My continued efforts to suck money out of people's wallets have given birth to the following things:
Twilight of the Idols: Pounded in the Ass By the Concept of Autonihilism by Max Stroke:
Another Chuck-Tingle-type title to help everyone decide to read this story. Mike Bentley's washing machine breaks and instead of a handyman he gets a debate about epistemological nihilism and rammed in the ass.
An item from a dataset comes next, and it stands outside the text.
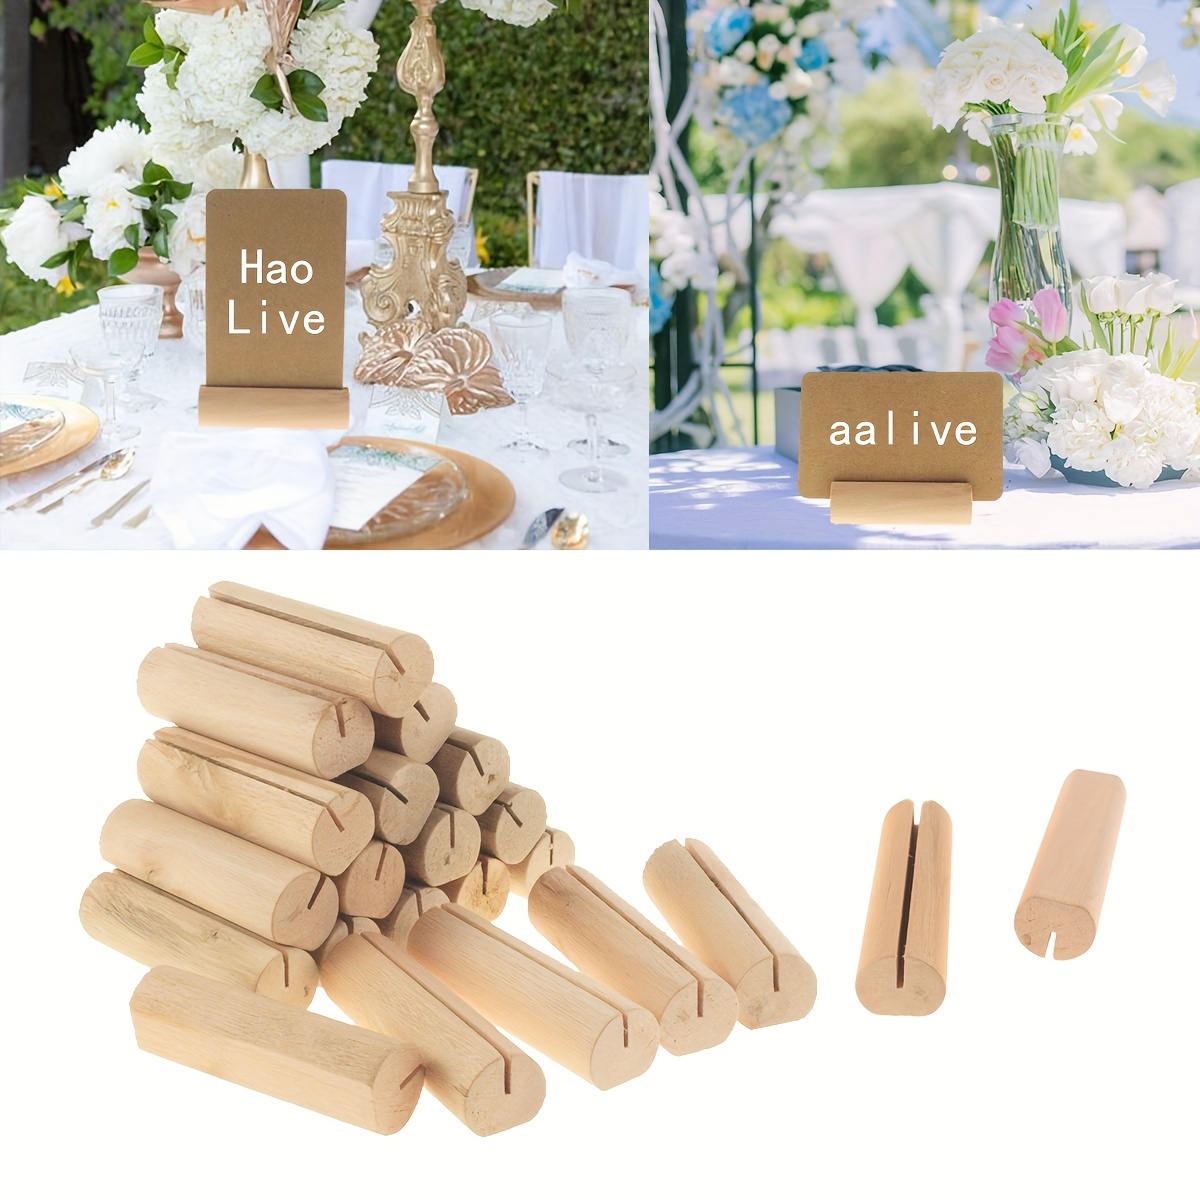 

20pcs Rustic Wooden Card Holders, Table Number Stands For Weddings & Events, Pine Wood Craft Memo Clips, Photo Holder Decorative Accessories

Quickly realising that I am still 100% the kid who stares you dead in the eye while eating the worm you dared them to eat.
And also this:
A literal internet tip jar, at last.
Other than that: I had a haircut, I mopped the bathroom, I figured out how to burn frankincense at last (it requires charcoal, numbnuts), cancelled the additional subscription to TokyoTreat and got a refund (Whoopsie), failed to buy any helium for my dick balloons ("we can fill your balloons if you bring them in," said the woman in the CHILDREN'S TOY SHOP. Um, no.), managed to get more cauli rice for work, did nothing exceptionally productive, spent part of last night BAGGING TINY PASTA what a cool dude I am.
Tomorrow is RADIO RECORDING FUNTIMES with Susanne and guilt-stricken research for the book, I suspect, as I won't have the ability to do sewing-related stuff. I feel markedly more FREE AND BREEZY having finished both the copywriting work and the GARBAGE PORN writing, it must be said. CAN'T LET THIS GET ON TOP OF ME AND MAKE ME LAZY I still have a series of books to plan and -- oh yeah I had my first go with the heavier weights today. My biceps are weak knots of failure, but practice makes CAR-LIFTIN' STRONG.
And Maud has gone halves with me on the SCI FI NUTRIGRUEL so I can blog about my attempts to make it into SCI FI NUTRIPANCAKES and so on. I mean, there are other things I could blog about, like, oh, the mad max hoodie and the book research and so on? Or the existence of the tip jar? but fuck that, let's just... dick around with PRETEND FOOD.